**WHAT IS NEEDED**
Give back the full listing, character for character, with no pictures.

**DATA**
------------------------
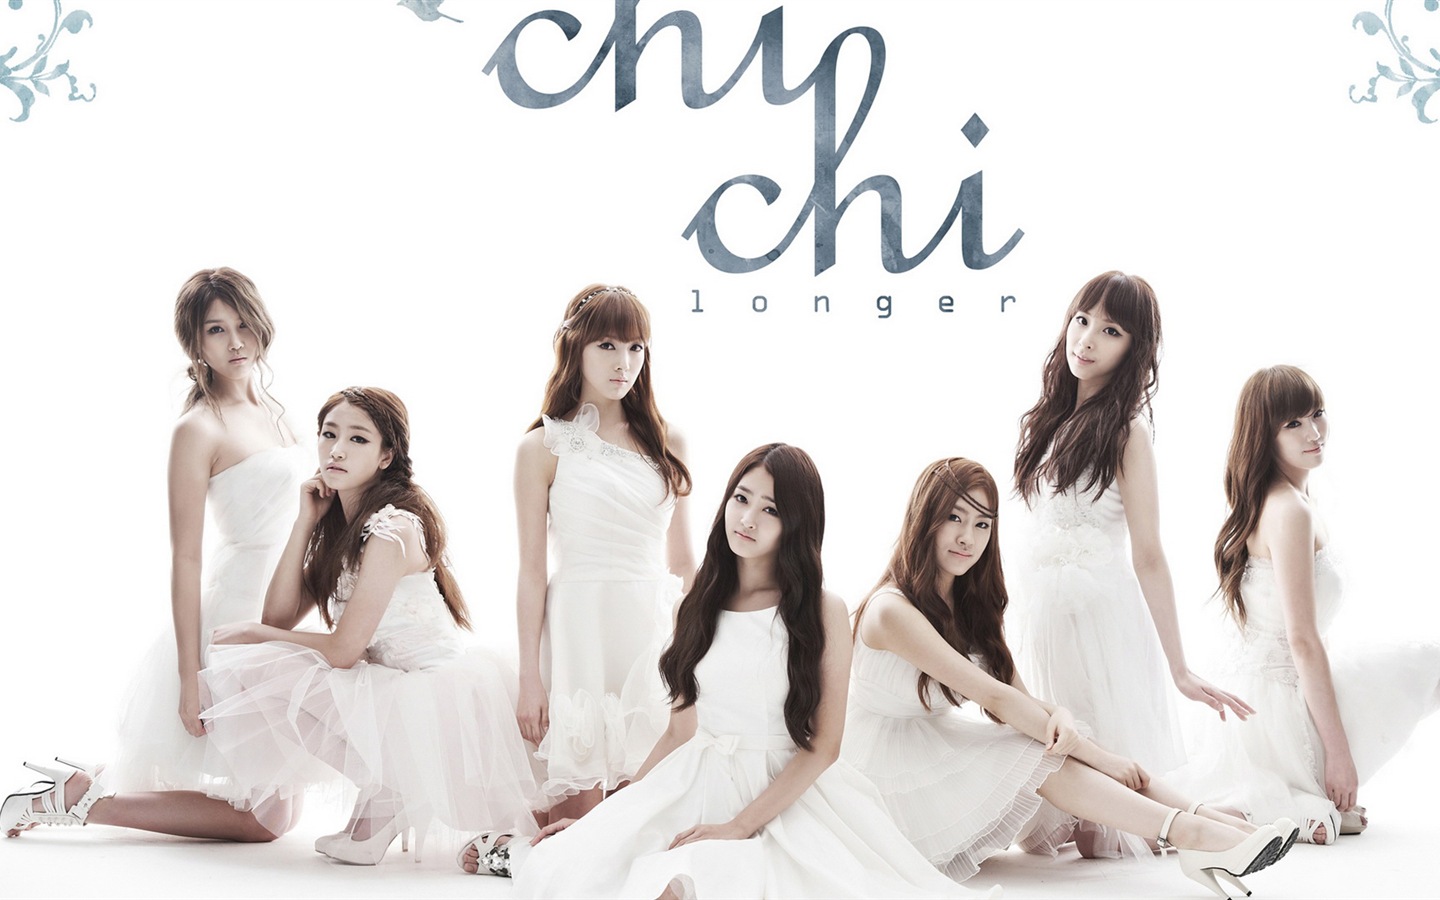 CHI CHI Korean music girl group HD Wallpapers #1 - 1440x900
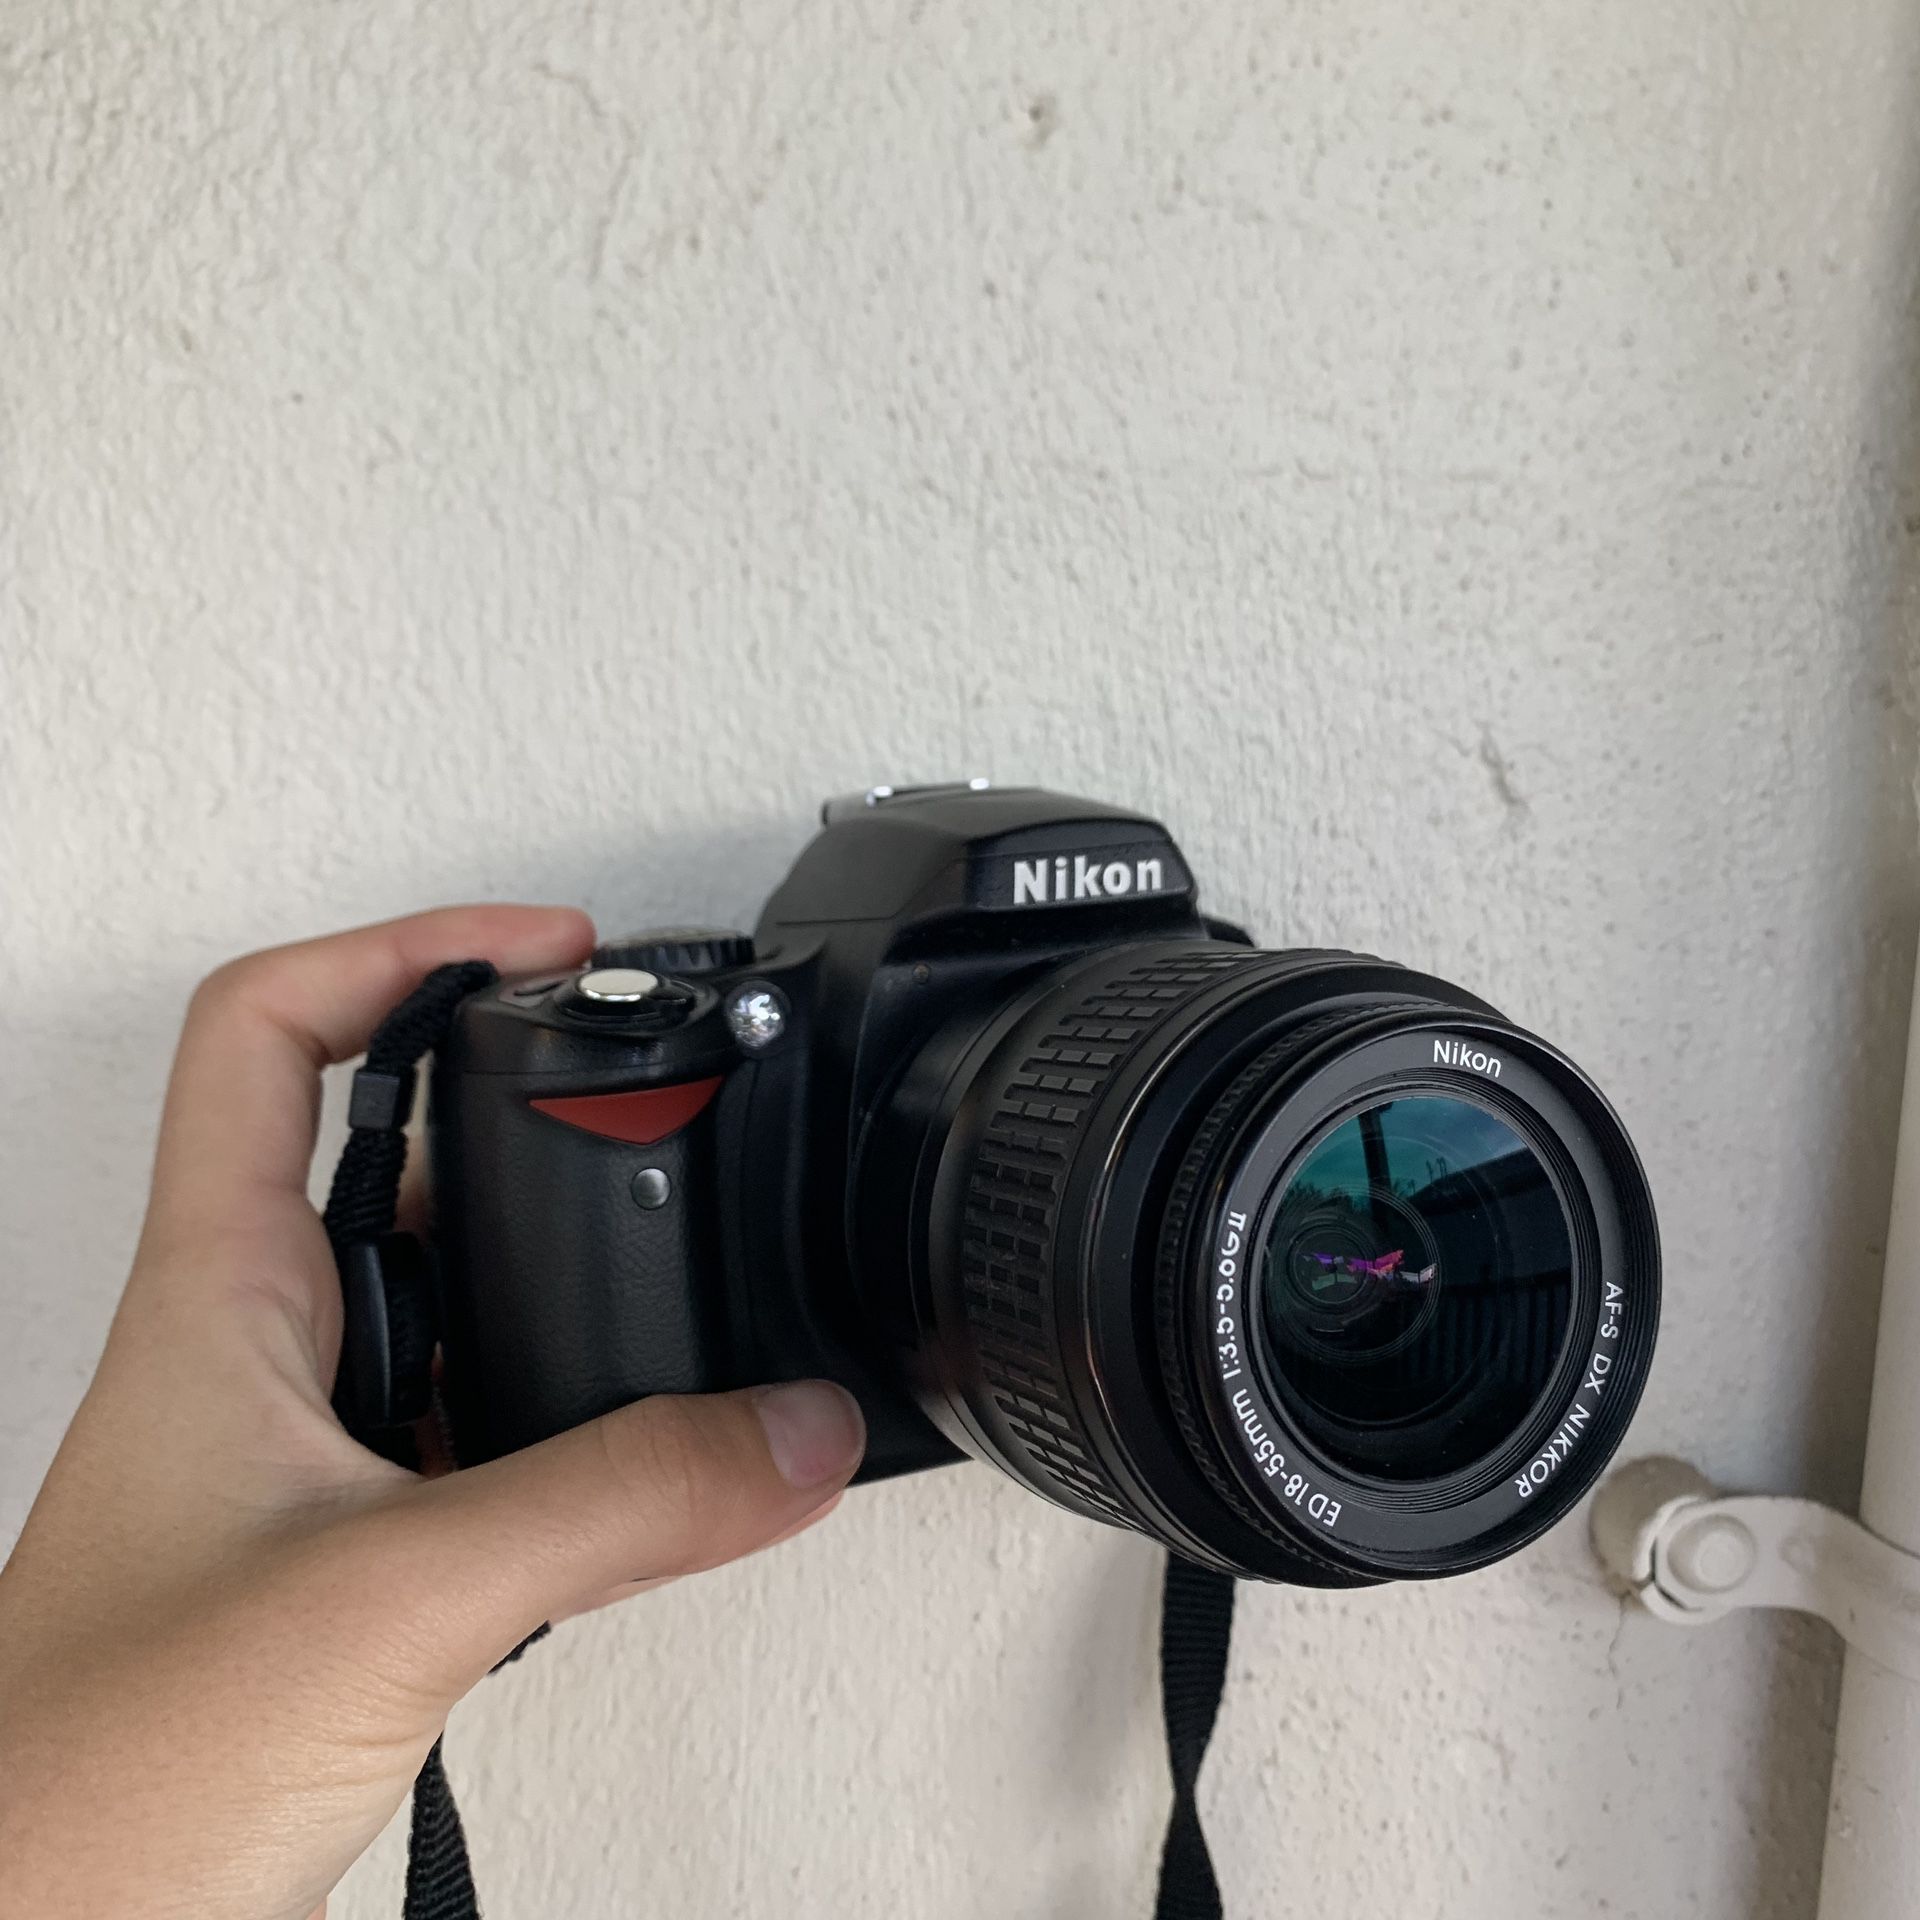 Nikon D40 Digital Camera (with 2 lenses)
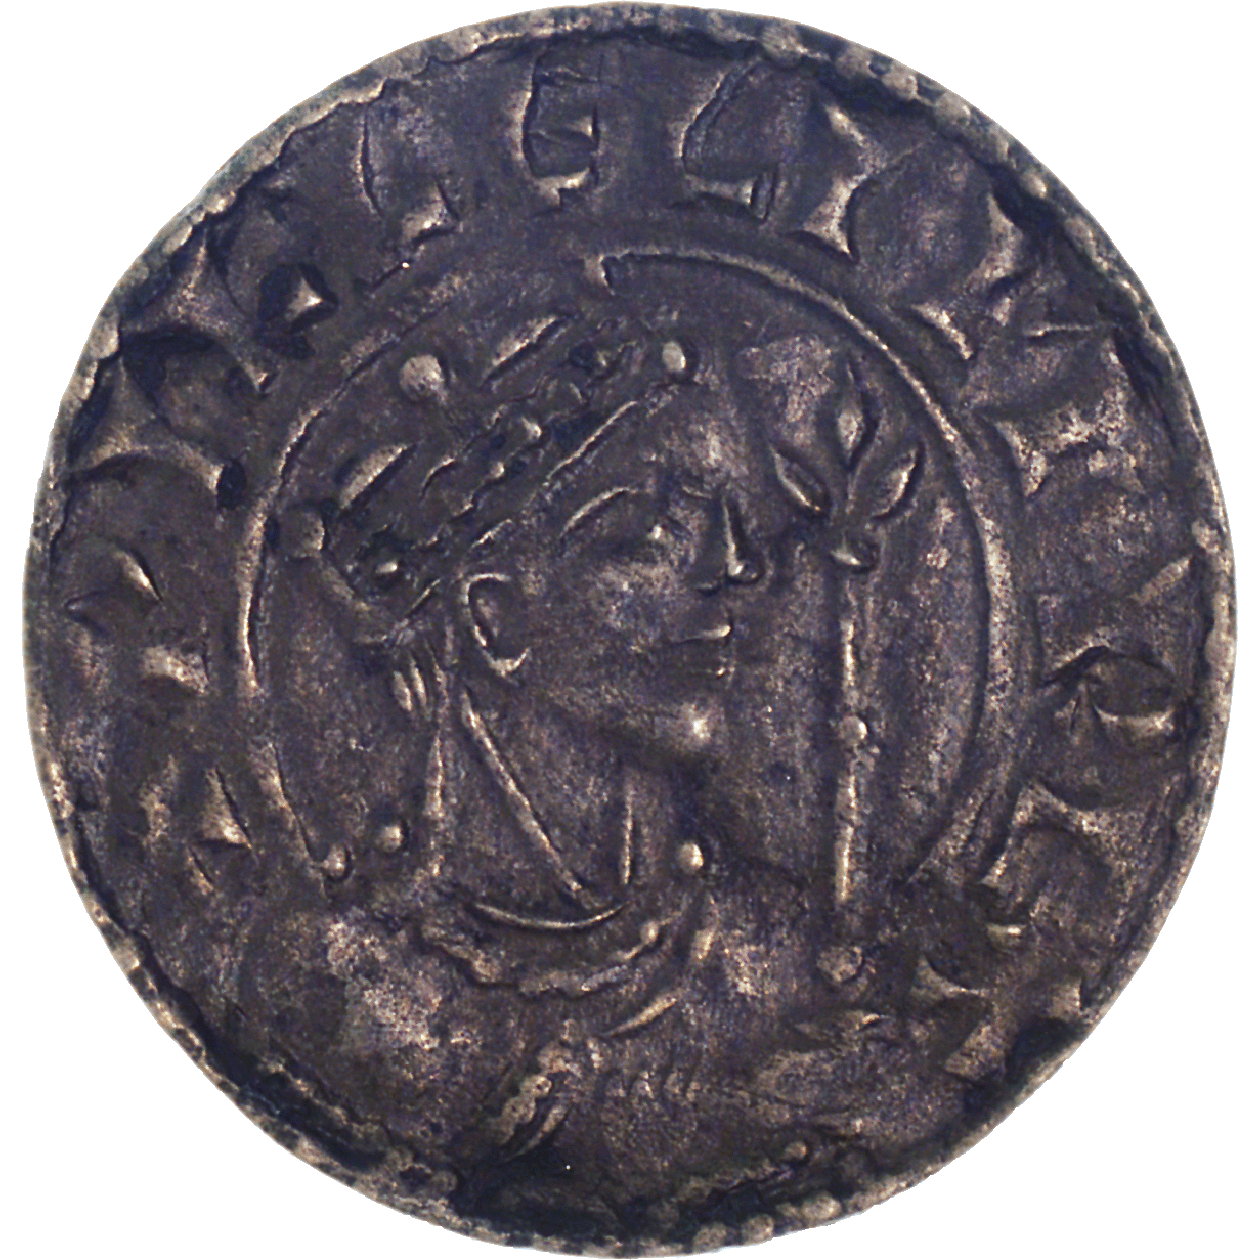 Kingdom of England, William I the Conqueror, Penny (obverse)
------------------------
**THE COMPLETED TASK**
 CHI CHI Korean music girl group HD Wallpapers #1 - 1440x900
 Nikon D40 Digital Camera (with 2 lenses)
 Kingdom of England, William I the Conqueror, Penny (obverse)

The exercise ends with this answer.